9:13h: Hmm... Dennoch verhält sich das Ganze seltsam. Nach einer gewissen Zeit ist der Monitor schwarz. Ich dachte immer, dass er in einer Art Stand-by wäre. 
       Aber eine Eingabe der Maus oder Tastatur holt ihn nicht aus dem Stand-by zurück. Ausschaltknopf einmal drücken bringt auch nichts. Bei einem Neustart (per Knopfdruck) komme ich wieder in Win7 rein. 

Ich muss jetzt aber weg. Ich probiere danach eine erneute Installation auf SSD. Dann eine Installation auf SSD mit Minimalfunktionen.
Dann mach ich auch den vorhin vorgeschlagenen Ram-Test.

*Edit:*

9:19h: Wollte gerade weg. Habe jetzt festgestellt, dass das System mit Sata II und Radeon nun wieder am einfrieren ist. Vorher hats ja noch ca. 20 Minuten gehalten. Jetzt habe ich nen Neustart gemacht und bin in Win7 rein. 5 Minuten später friert er wieder ein (Radeon 6850).

@Softy: Ich probiere es demnächst. Solltest mir aber alles erklären wie das geht. Höre davon zum ersten mal.


----------



## Softy (24. August 2012)

Und poste bitte noch die o.g. Screenshots. Vielleicht ist es ja nur ein falsch erkannter / eingestellter RAM im BIOS


----------



## Research (24. August 2012)

Lass mal ein Live-Ubuntu starten.

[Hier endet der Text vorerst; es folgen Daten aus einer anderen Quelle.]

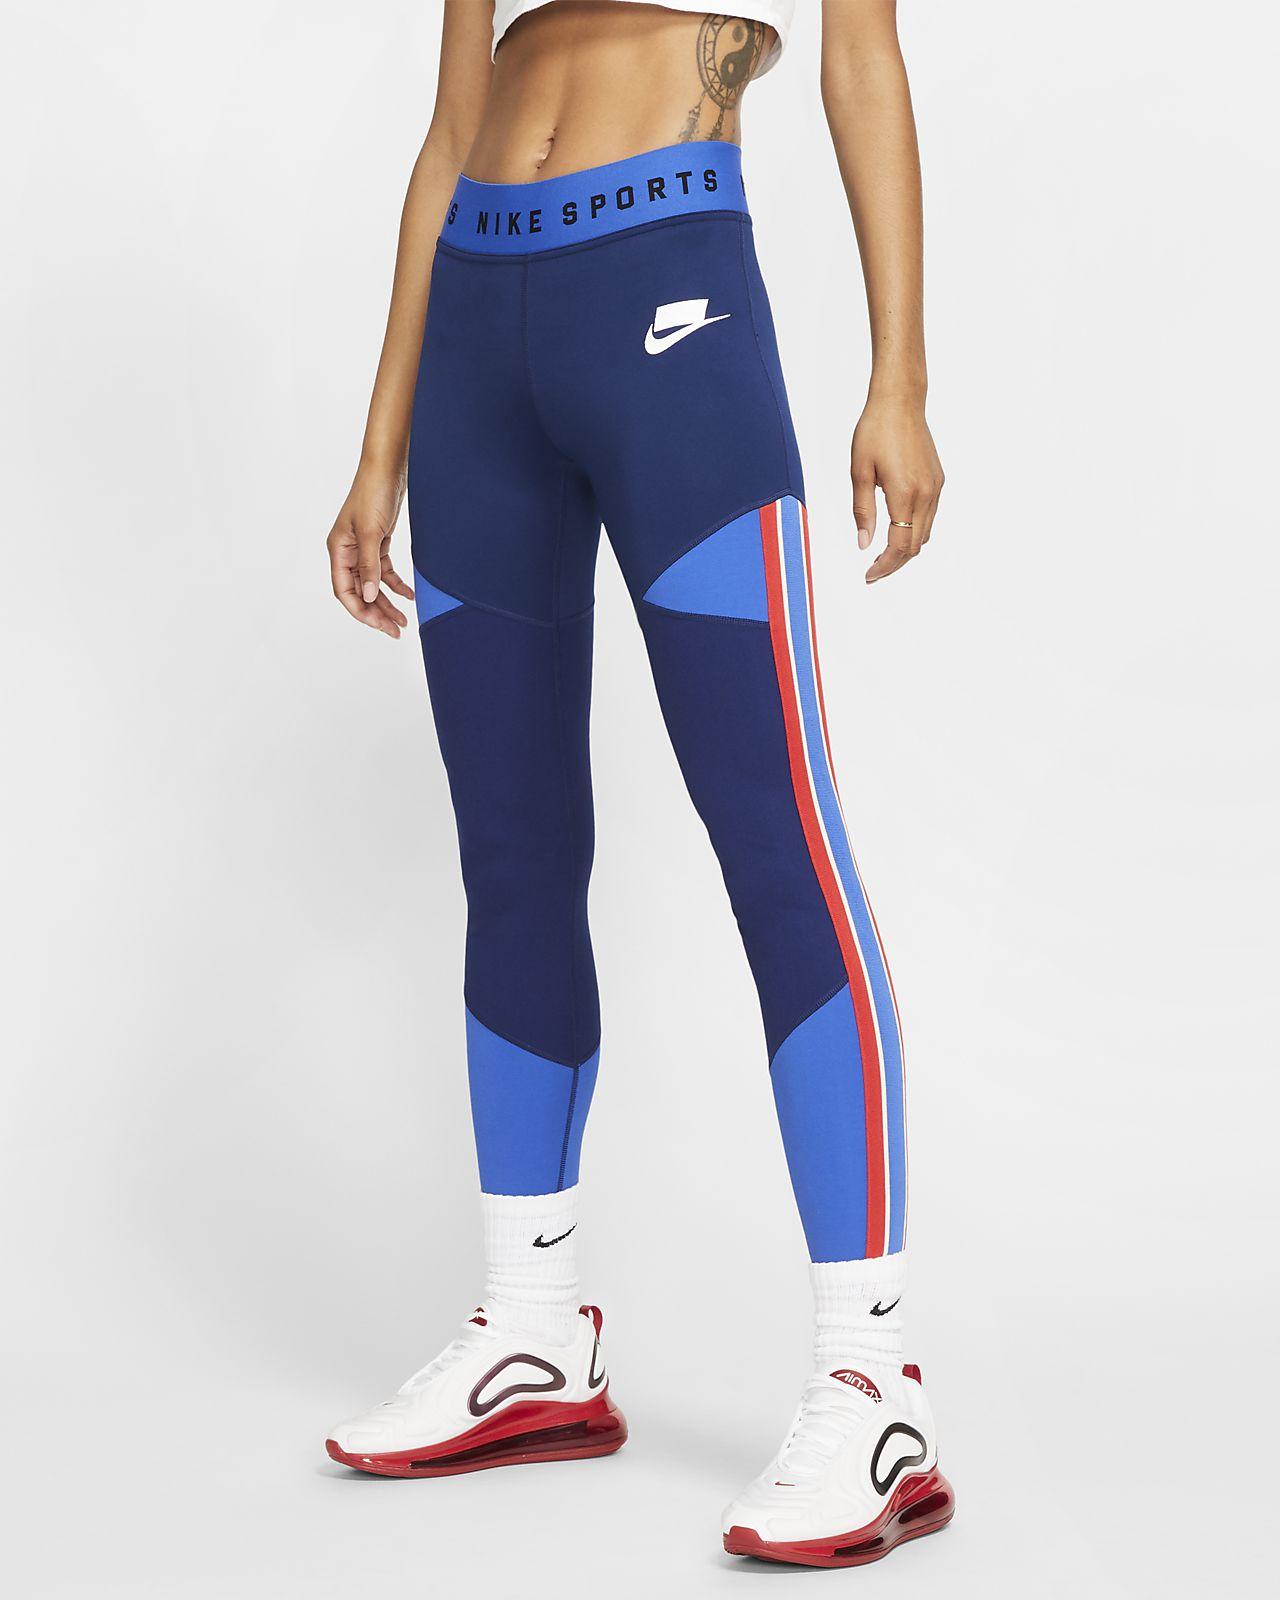 Nike Sportswear NSW Damen-Leggings mit Grafik

Die reagieren sehr empfindlich auf Hardware-Schäden.


----------



## simpel1970 (24. August 2012)

ada101n schrieb:


> Jetzt fang ich an zu schrauben.
> 
> *Ich habe folgendes gemacht:*
> 
> ...


 

Bist du dir sicher, dass da kein Abstandshalter zu viel eingebaut wurde? Insbes. auf der linken Gehäuseseite bei allen vier Abstandshalter auch eine Verschraubung mit dem Motherboard möglich?

Ich würde den Tischaufbau (nicht-leitende Unterlage) außerhalb des Gehäuses ausprobieren. (Wenn ich was wichtiges überlesen habe, bitte berichtigen).

Poste bitte noch die Screenshots, die Softy genannt hat.
An welchem Port des Motherboards ist die Systemplatte angeschlossen?


----------



## ada101n (24. August 2012)

@ Softy: Ich bräuchte eine Anleitung wie ich das mache: 





> "CPU-Z Screenshots (Reiter CPU, Board, Memory, SPD) und einen CrystalDiskInfo Screenshot der SSD."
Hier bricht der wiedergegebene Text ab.